CC6.4 sits within the Security trust services category, the only mandatory category in a SOC 2 engagement. Because Security's Common Criteria (CC1 through CC9) apply to every SOC 2 report, CC6.4 is always in scope. The question is never whether it applies. The question is what facilities and assets fall within the system boundary and, therefore, require physical access restrictions.
One clarification worth stating plainly: SOC 2 produces an attestation report, not a certification. An independent CPA firm issues an opinion on the design and operating effectiveness of your controls under AT-C Section 205. Enterprise buyers and their legal teams know the difference.

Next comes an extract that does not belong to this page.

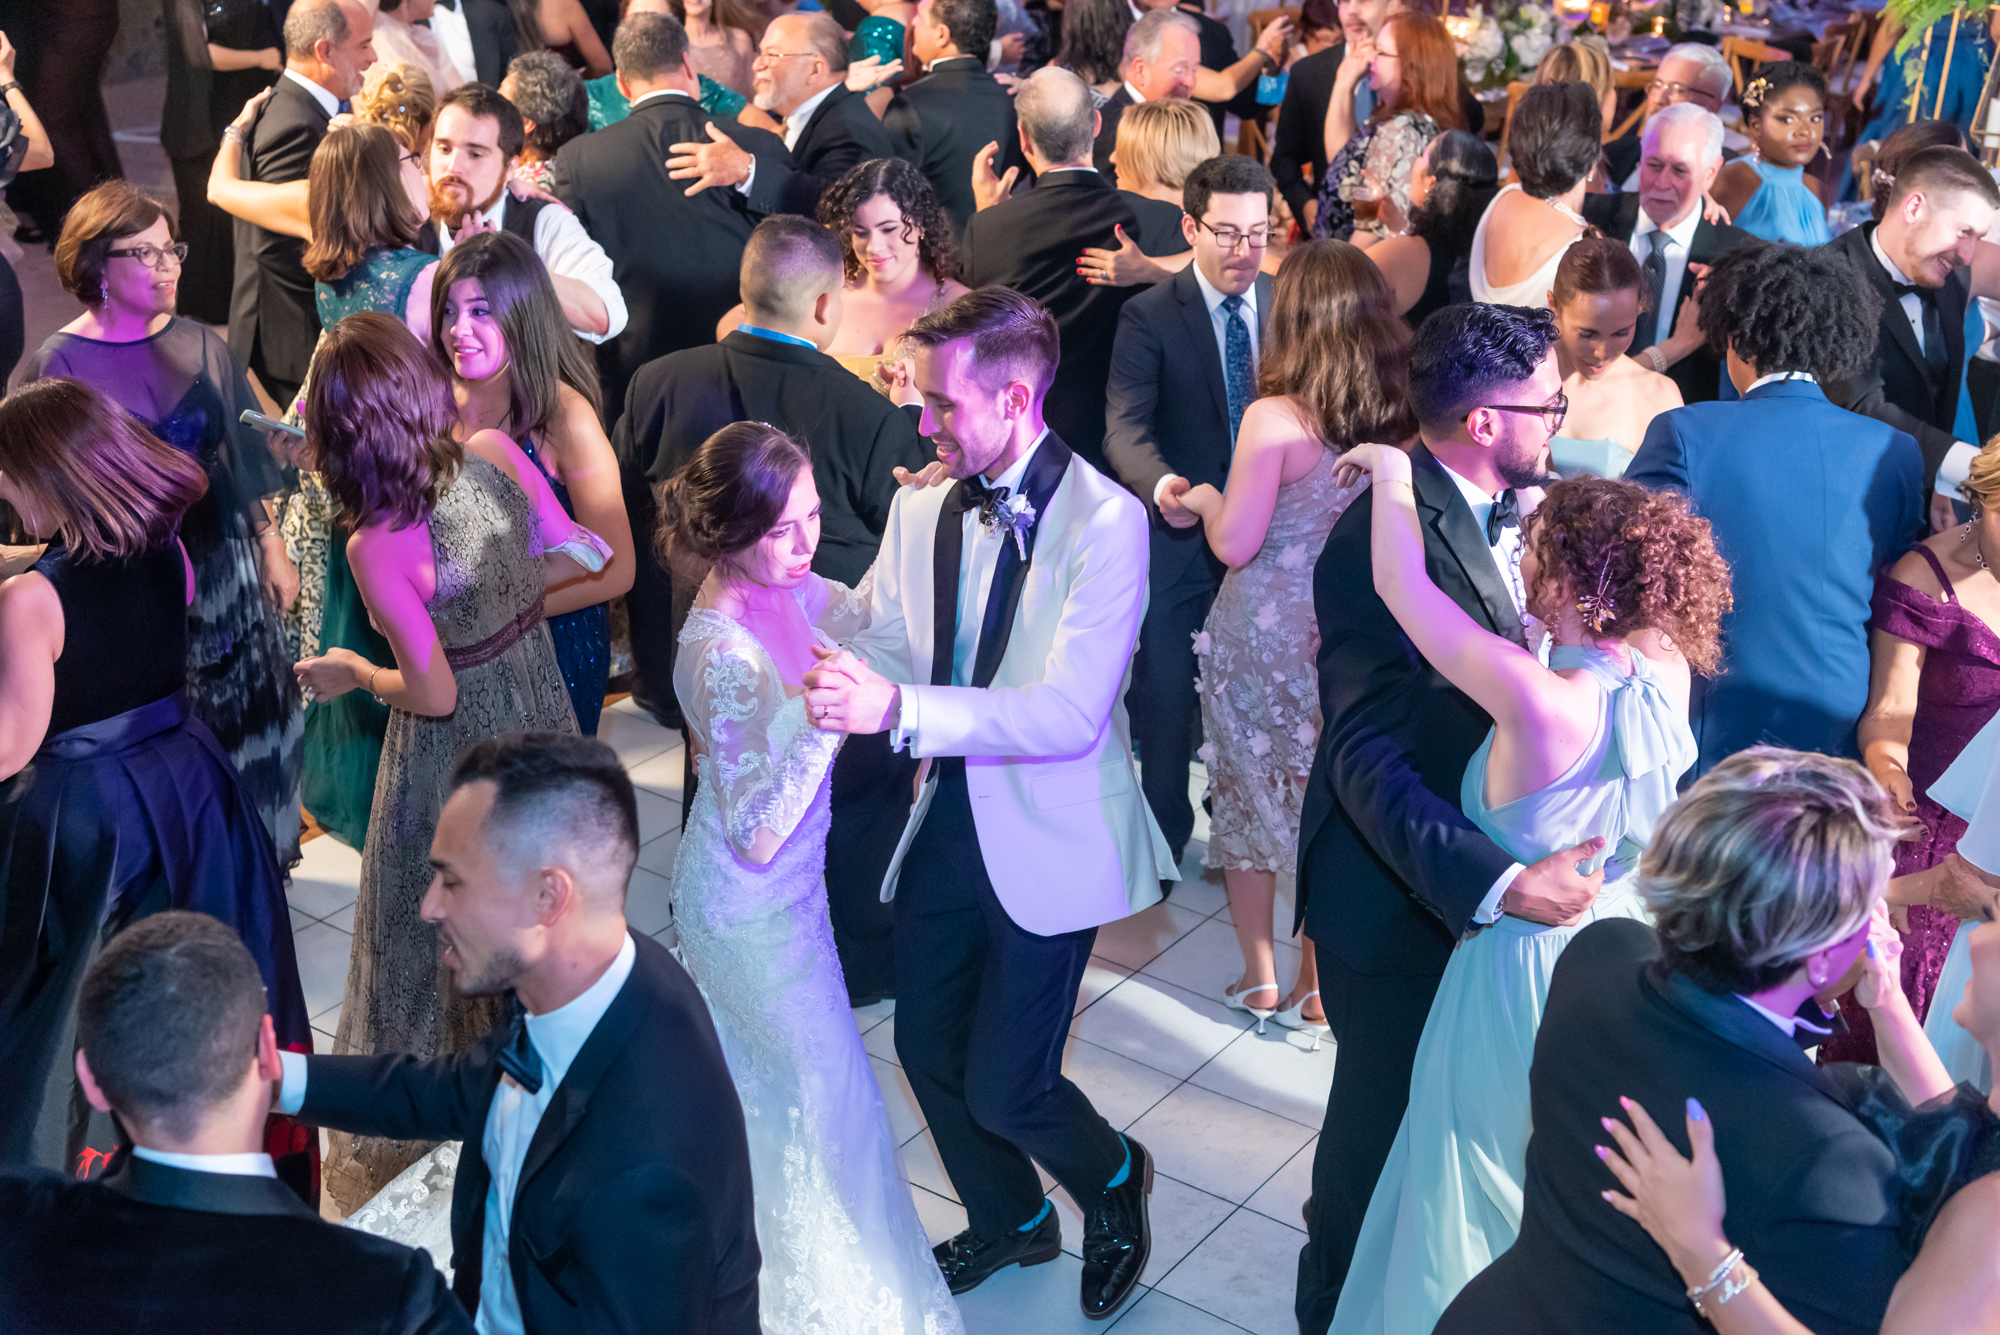 Newlyweds dancing, surrounded by friends and family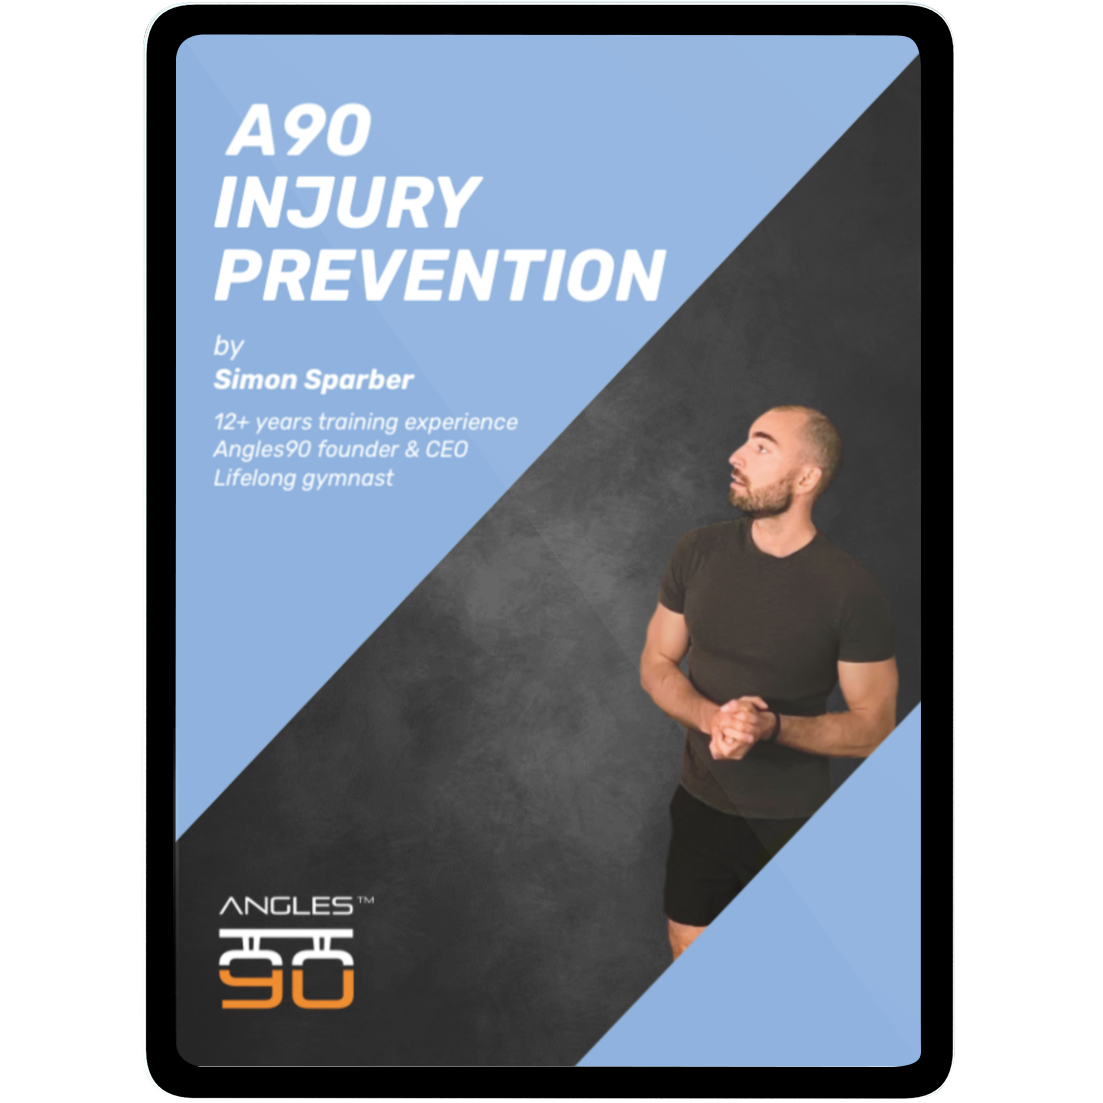 A fitness professional stands confidently next to text offering insights into 'A90 Injury Prevention (eBook & Video Material)', highlighting his 12 years of training experience, expertise as a lifelong gymnast, and CEO of a series of how

The Three AICPA Points of Focus for CC6.4
The AICPA provides three specific points of focus that auditors consider when evaluating CC6.4. These are not a checklist of hard requirements. They are characteristics the auditor uses to determine whether the criterion has been met. In practice, your controls should address each one.
Creates or Modifies Physical Access
Processes must be in place to create or modify physical access to facilities such as data centers, office spaces, and work areas, based on authorization from the system's asset owner. Physical access is not granted informally. Someone with ownership authority must approve every new badge, key, or access credential before it is issued.
Removes Physical Access
Processes must be in place to remove access to physical resources when an individual no longer requires access. The most common trigger is employee termination or a role change. If someone leaves the organization and their badge still works two weeks later, you have a control gap.
Reviews Physical Access
Processes must be in place to periodically review physical access to ensure consistency with job responsibilities. This is the physical-access equivalent of the logical access review required under CC6.2 and CC6.3. Auditors want to see evidence of recurring reviews, not a one-time cleanup.
These three points of focus map to a lifecycle: grant access, revoke access, verify access. Your controls and evidence should cover all three phases.
Why CC6.4 Still Matters in a Cloud-First World
A common misconception among SaaS companies is that CC6.4 becomes irrelevant once all production infrastructure runs in AWS, Azure, or Google Cloud Platform. That is incorrect.
CC6.4's scope does narrow for cloud-native organizations. Your cloud provider's data center physical security is typically carved out of your SOC 2 report as a subservice organization control. Under the carve-out method, you acknowledge those controls exist and are operated by the cloud provider, and the reader of your report obtains the provider's own SOC 2 report to evaluate them independently.
However, CC6.4 does not disappear after the carve-out. Even a fully remote, cloud-hosted company has physical touchpoints: corporate office spaces, network closets with on-premises equipment, locations where backup media or sensitive printouts are stored, home offices of remote employees, and co-location facilities. Ignoring these because the company is "in the cloud" is one of the most common CC6.4 mistakes, and auditors catch it consistently.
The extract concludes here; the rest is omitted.